### Source data
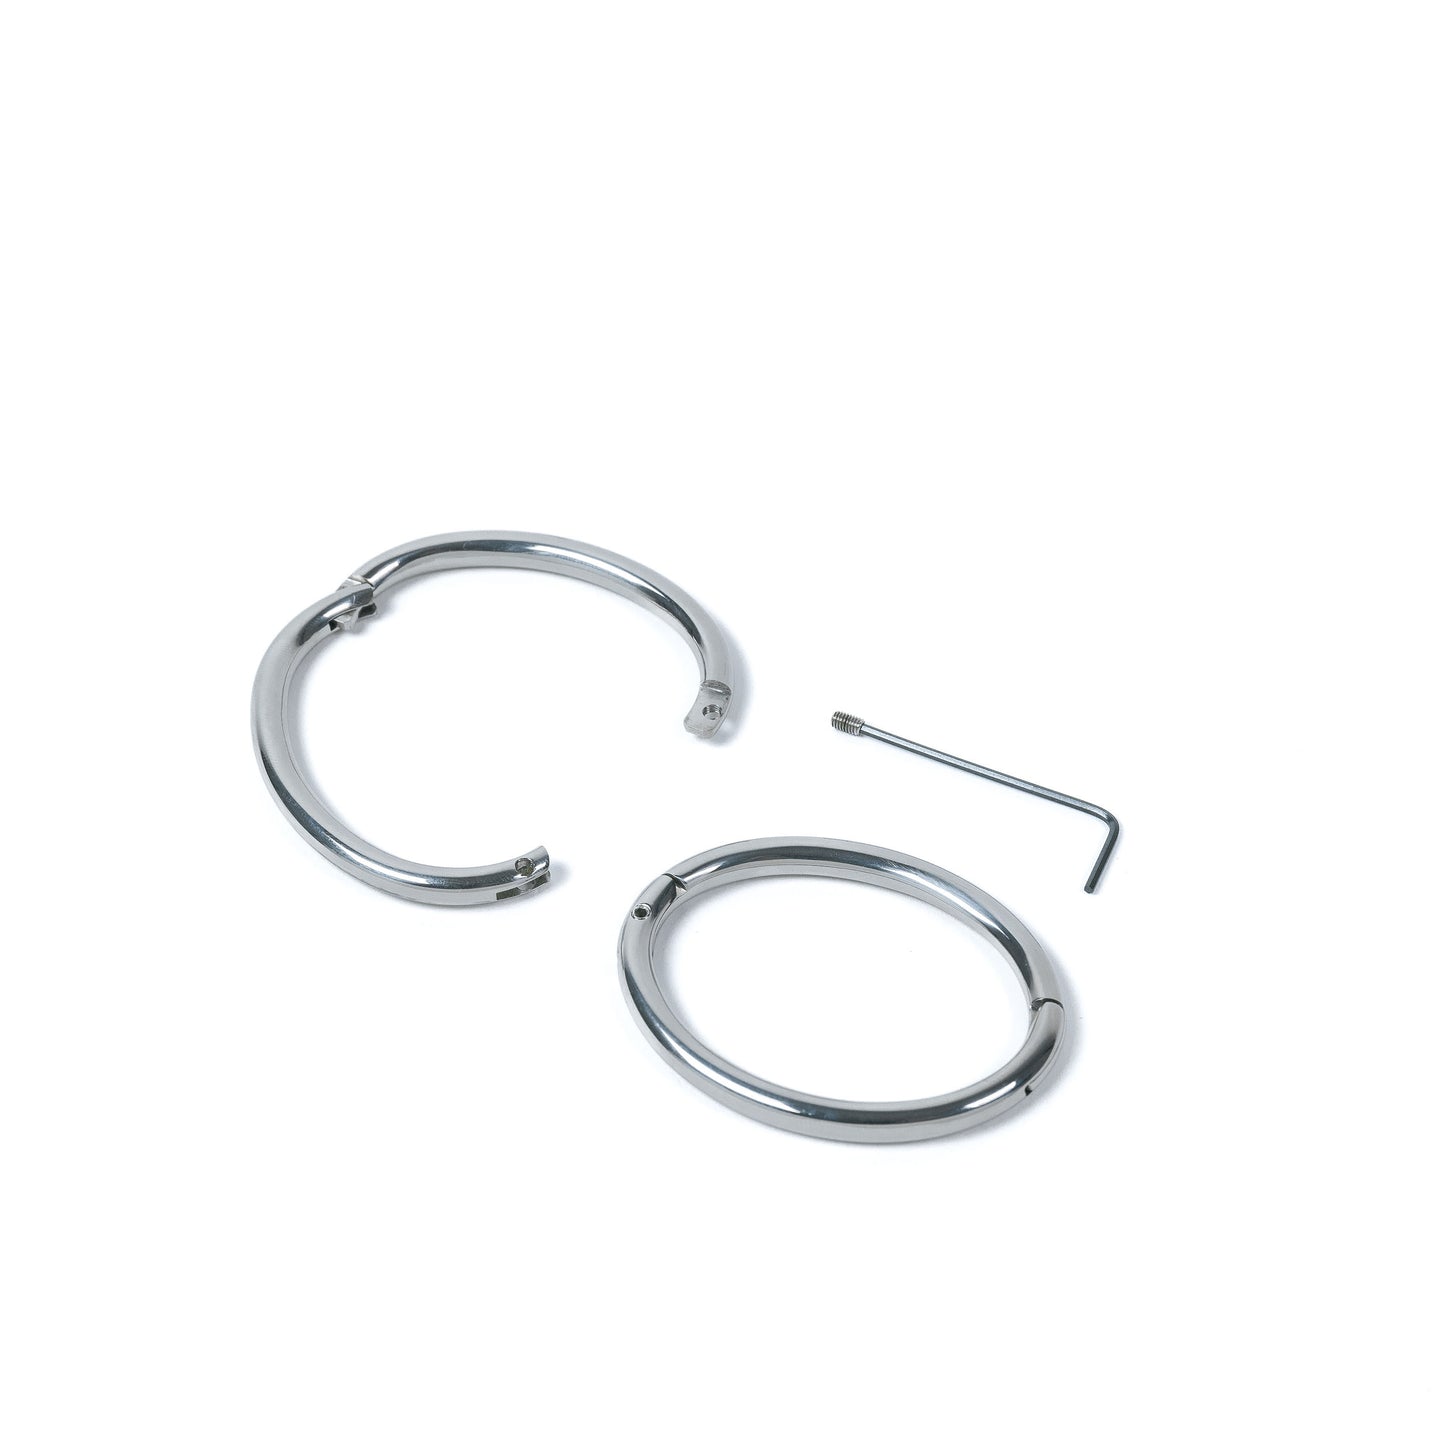 Thin locking jewelry bangles with key
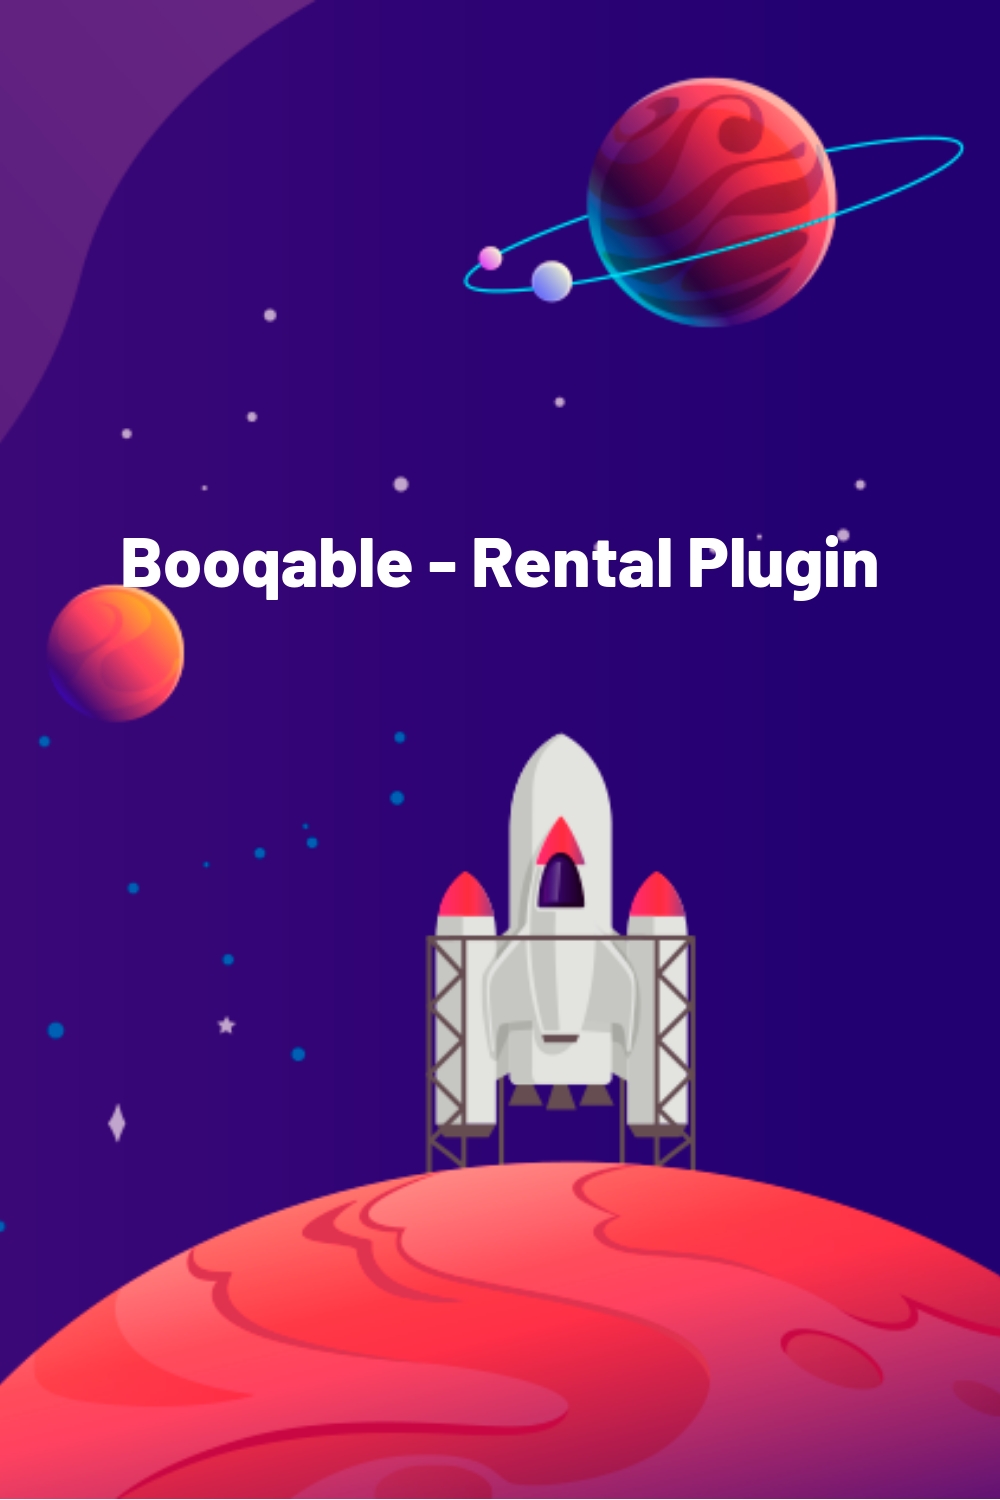 Booqable – Rental Plugin
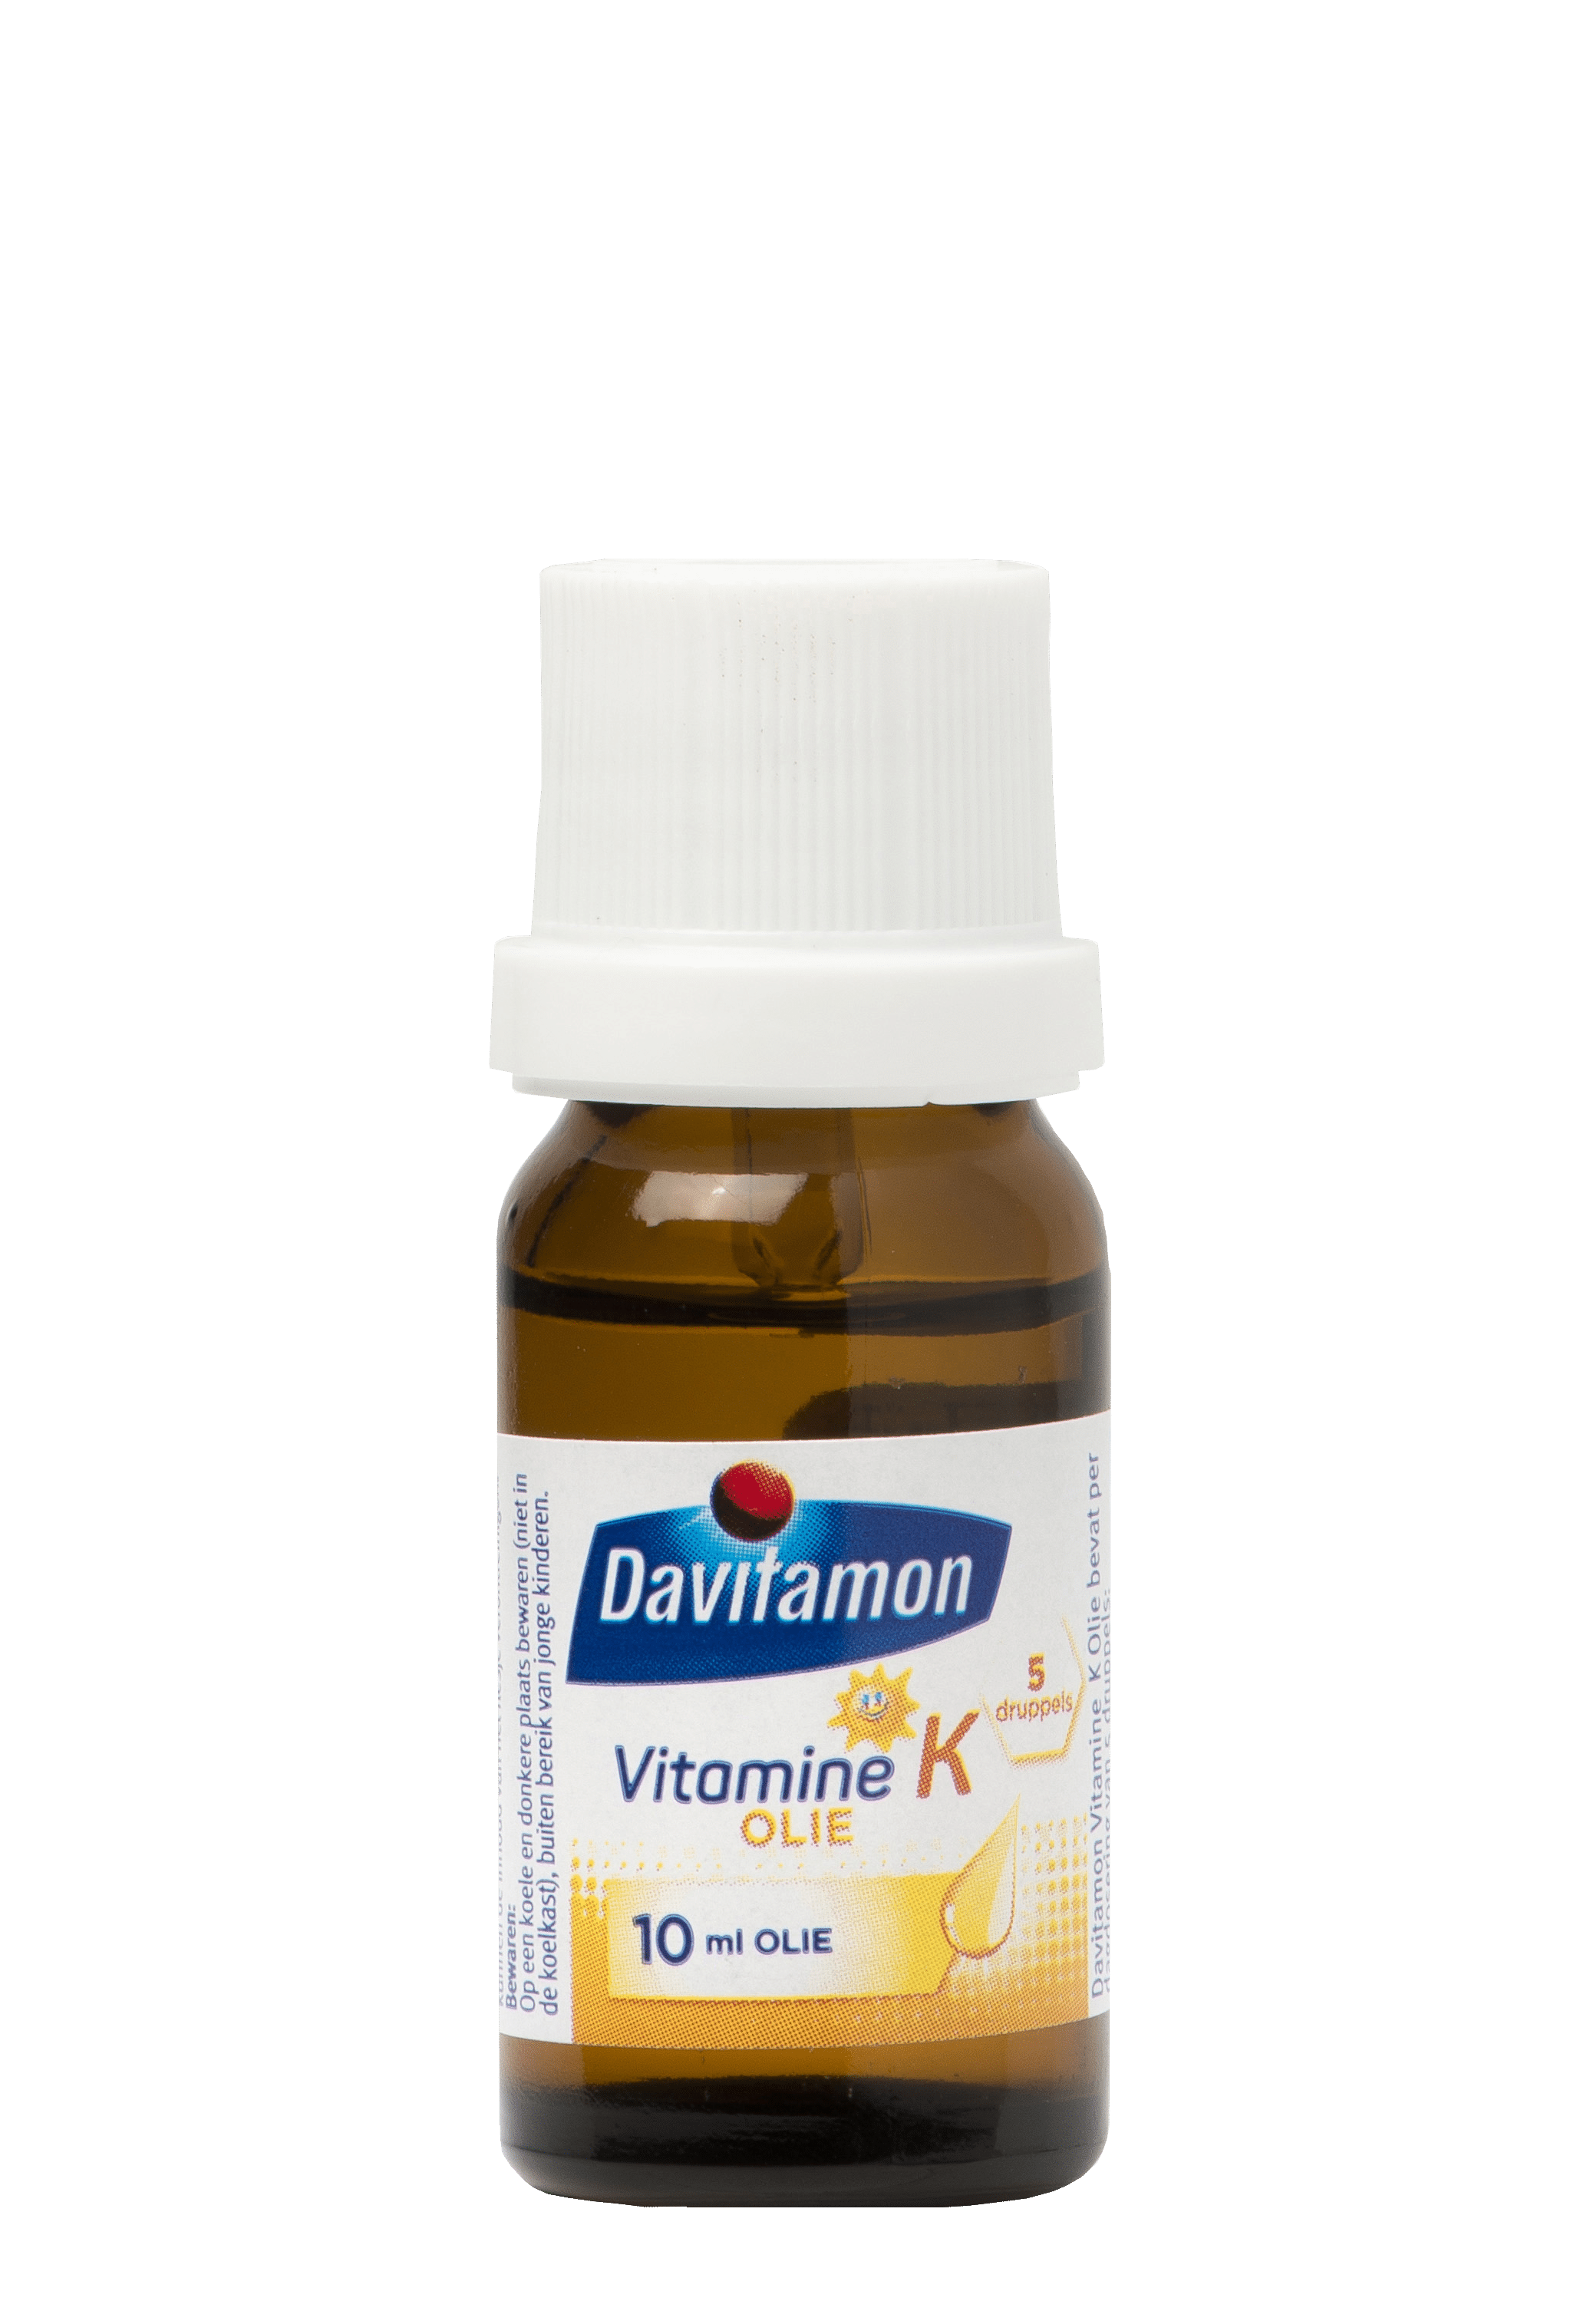 Davitamon Vitamine K Olie Product

### Task statement
Repeat the whole listing above word for word. Leave out the pictures.

### Response box
 Thin locking jewelry bangles with key
 Booqable – Rental Plugin
 Davitamon Vitamine K Olie Product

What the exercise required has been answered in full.